TASK DIRECTIONS:
The copy should begin at the line containing "2 jarros em" and end at the last line of the material. Please reproduce those lines exactly and keep pictures out.

SOURCE DATA:
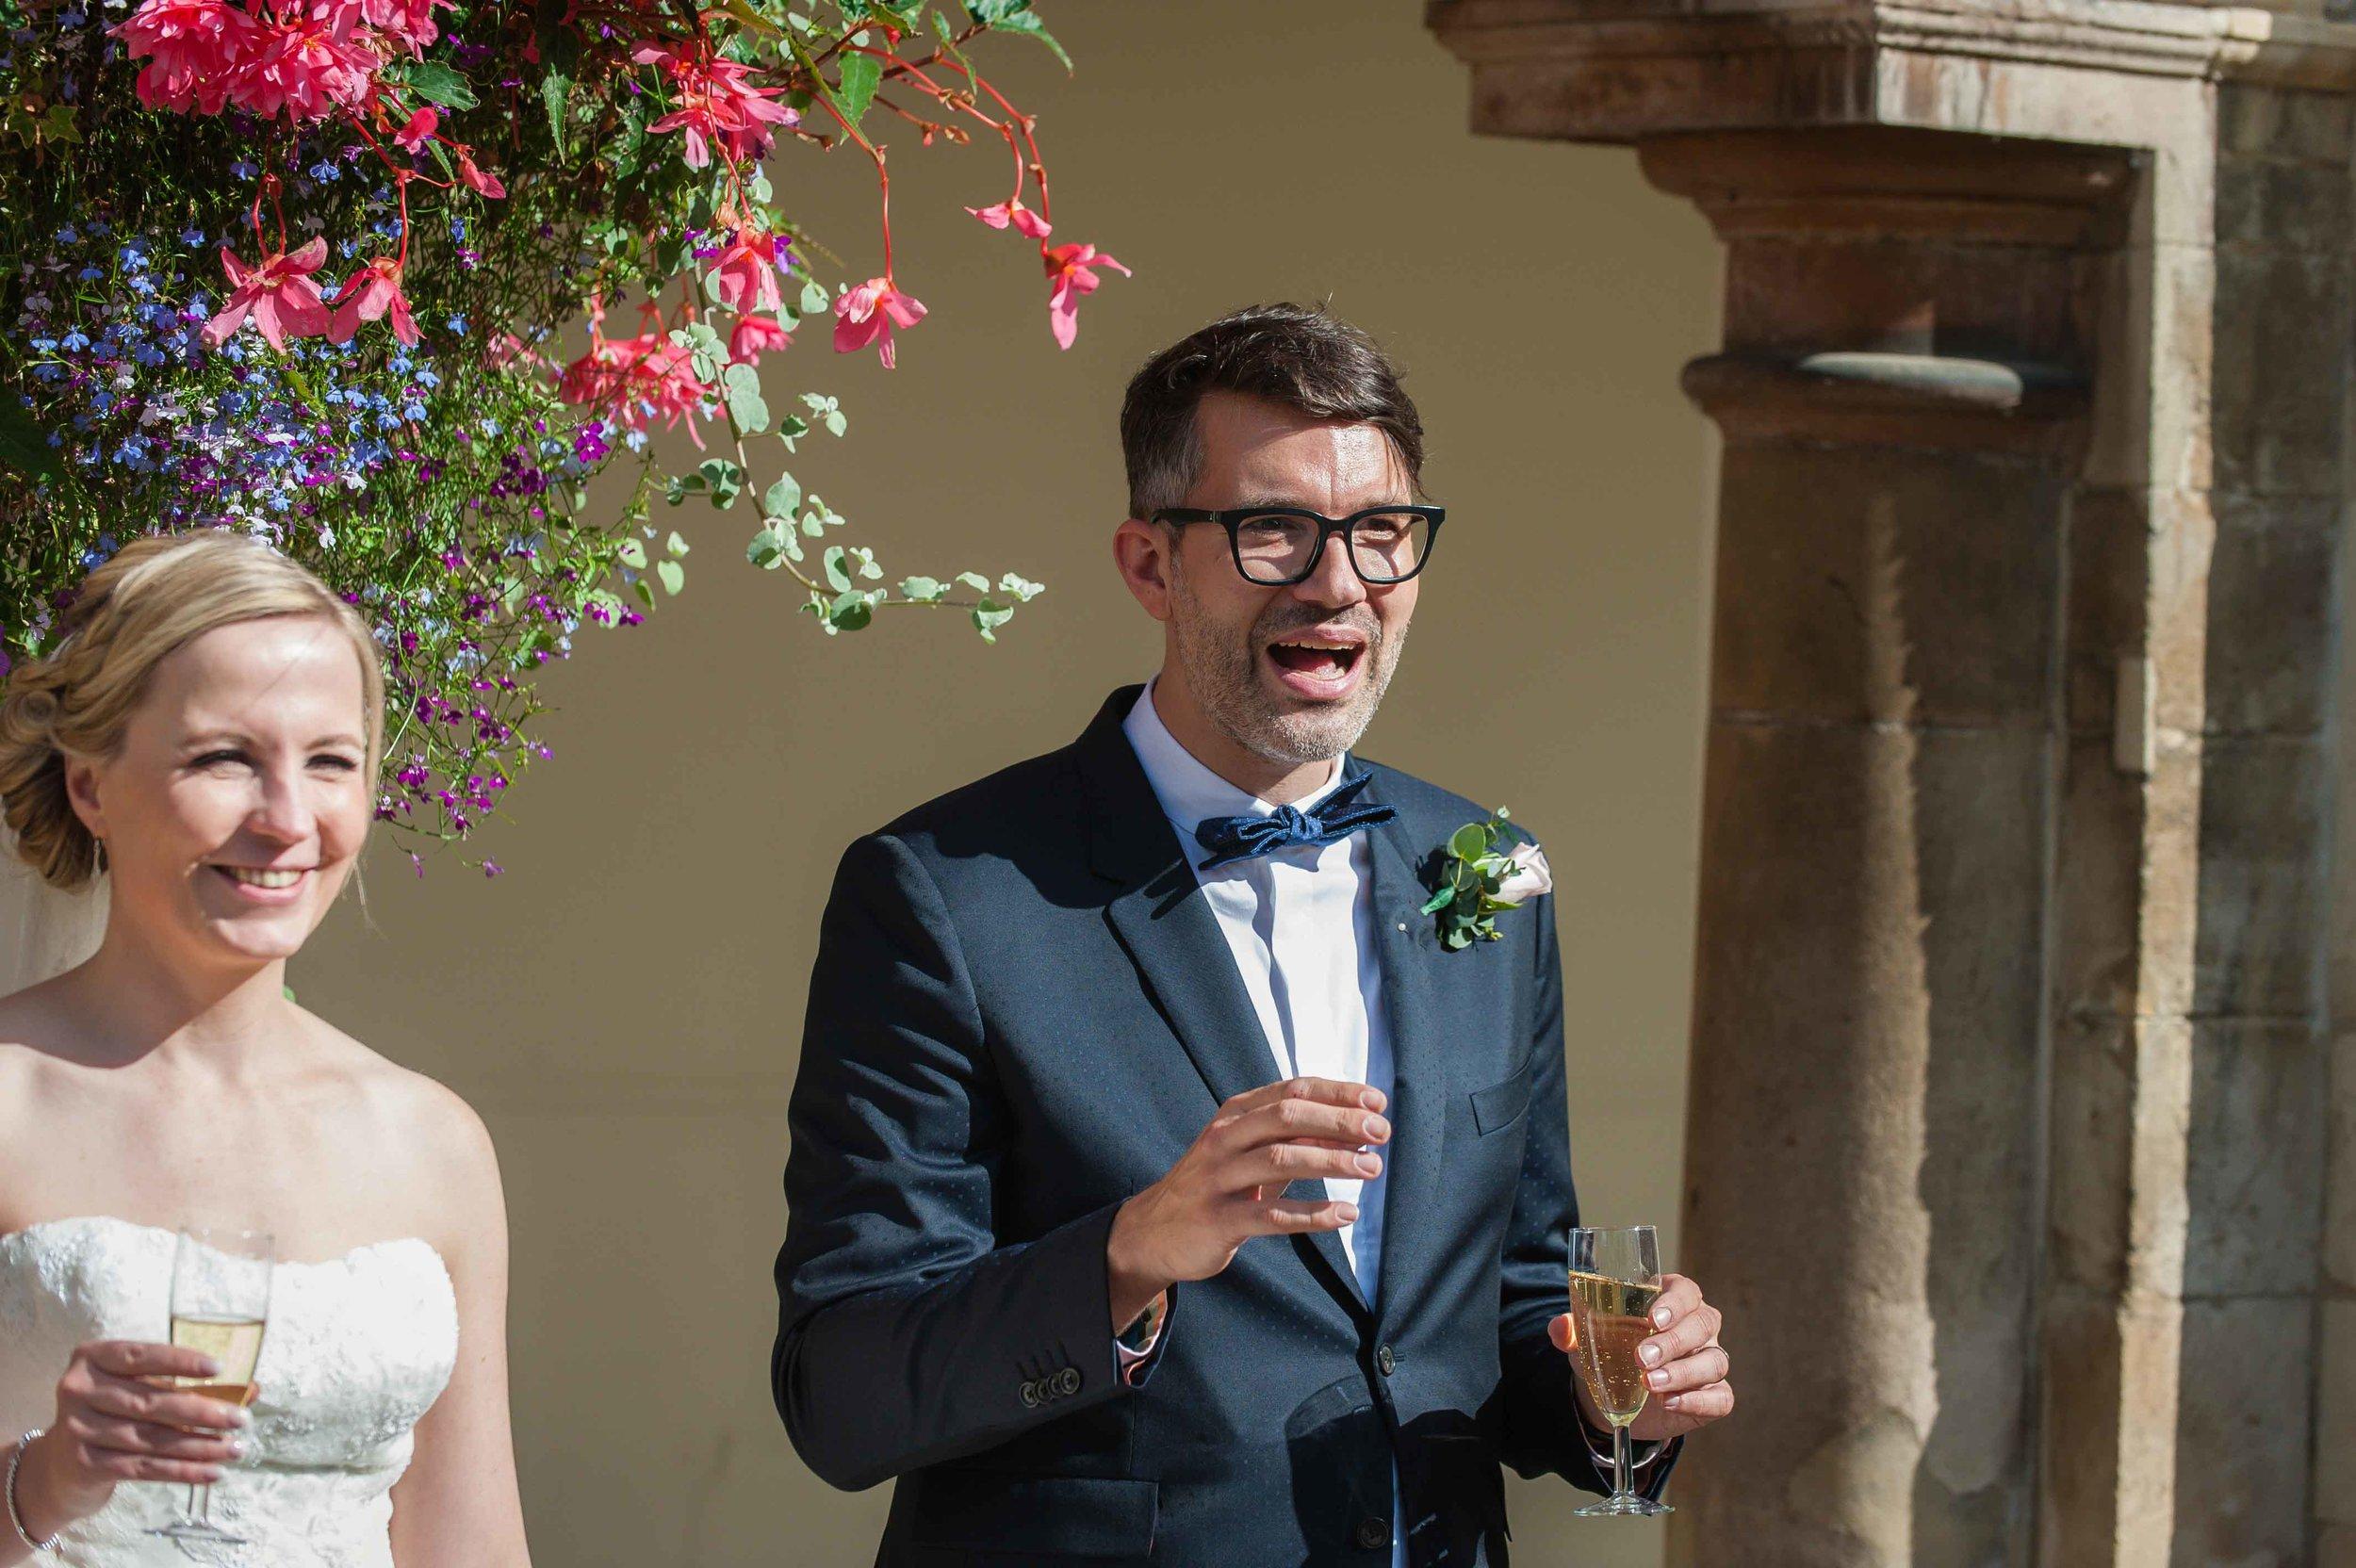 Adrian_Nicole_Charnwood_Weddings_Queens_College_Cambridge-1054.jpg
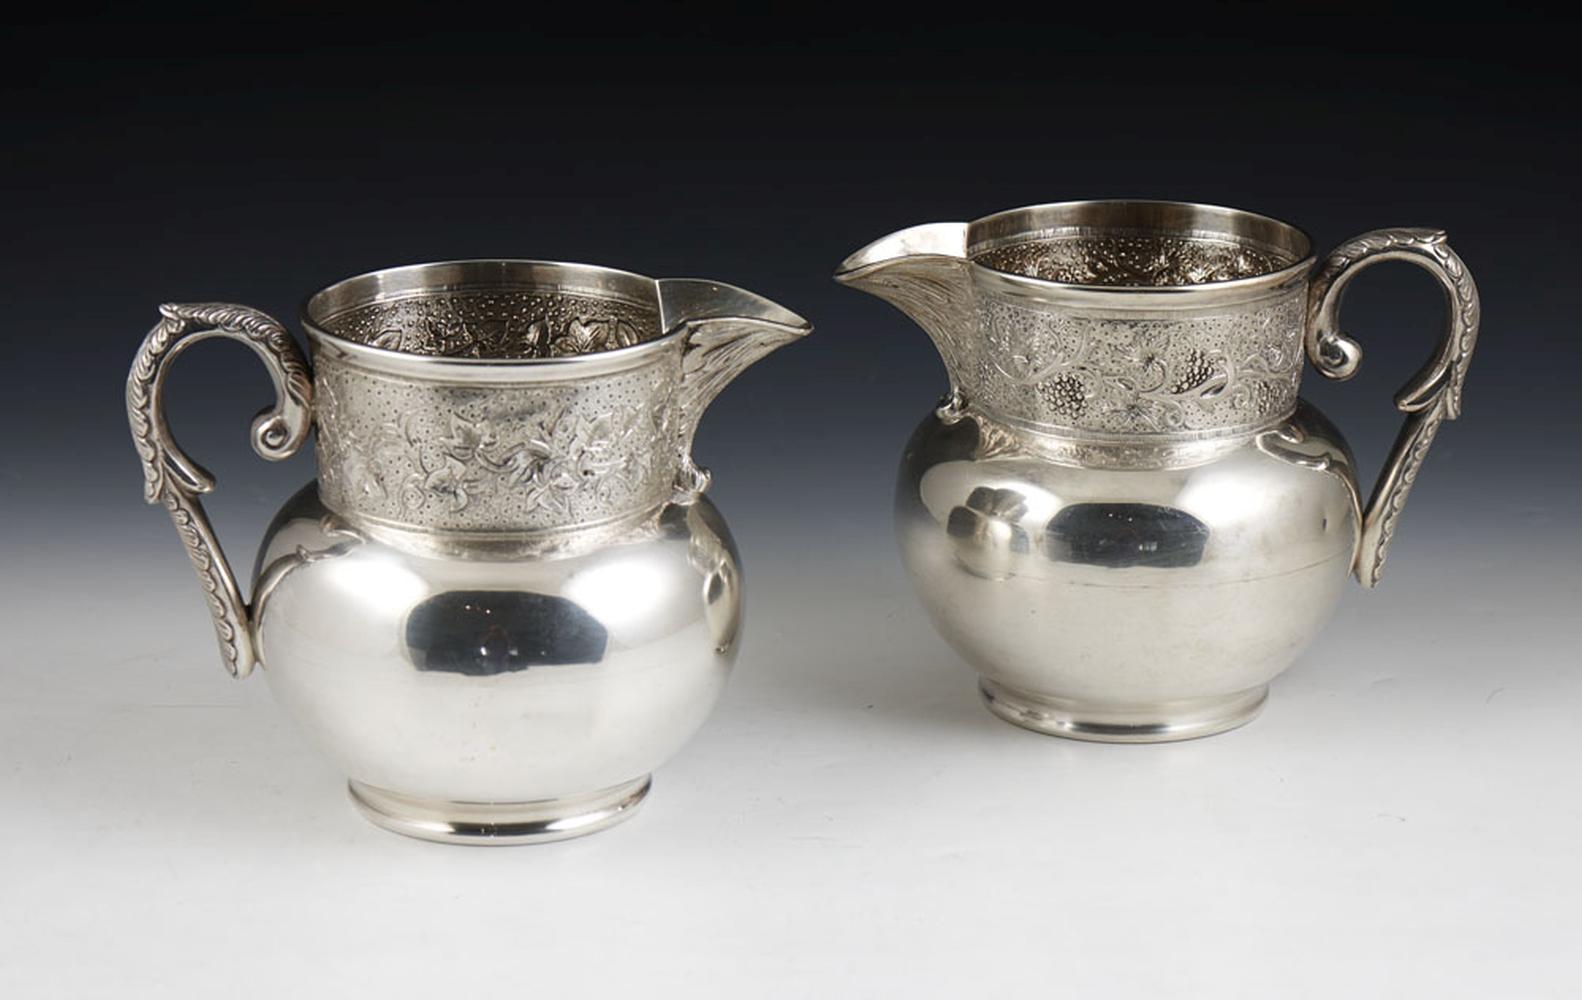 2 jarros em prata portuguesa, 833%, P: 1690 g.
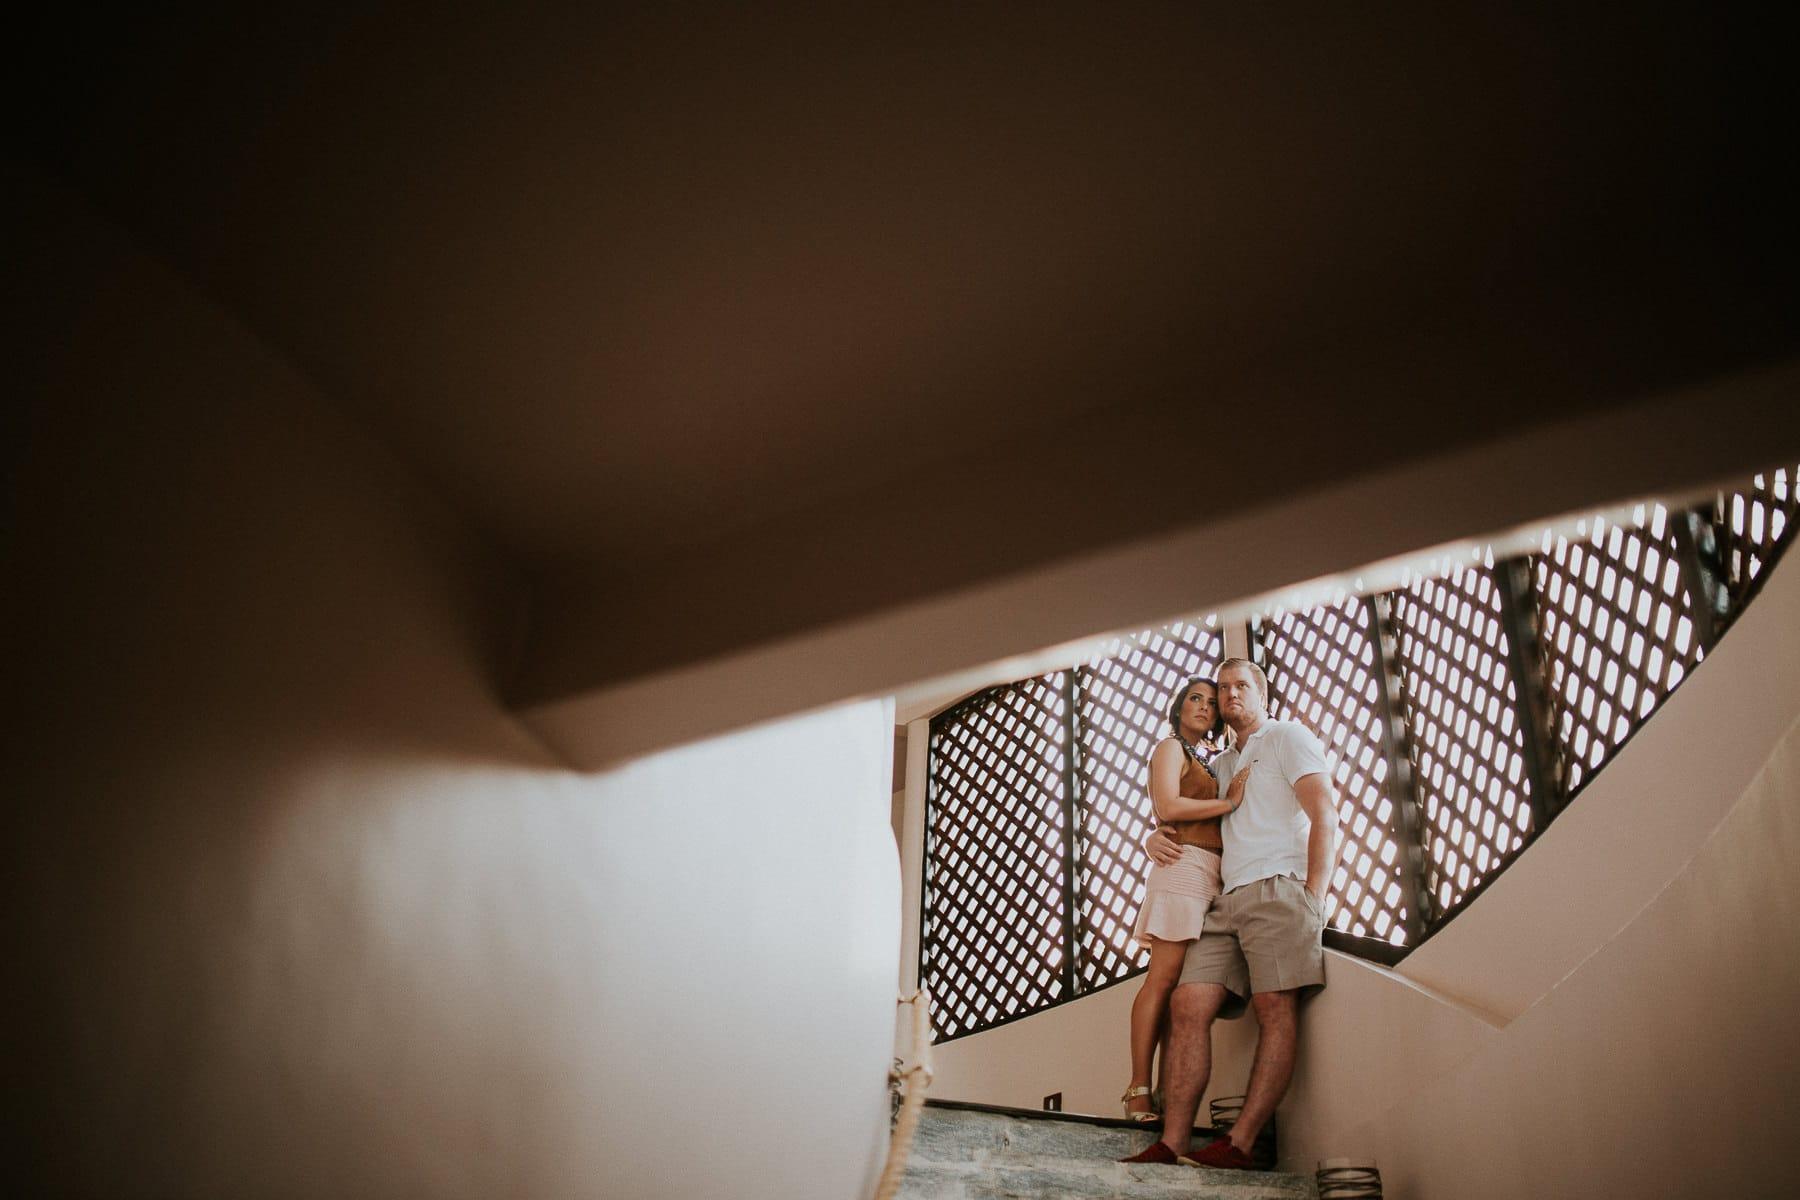 sessao-casal-lara-hotel-aquiraz-12

RESULT:
 2 jarros em prata portuguesa, 833%, P: 1690 g.
 sessao-casal-lara-hotel-aquiraz-12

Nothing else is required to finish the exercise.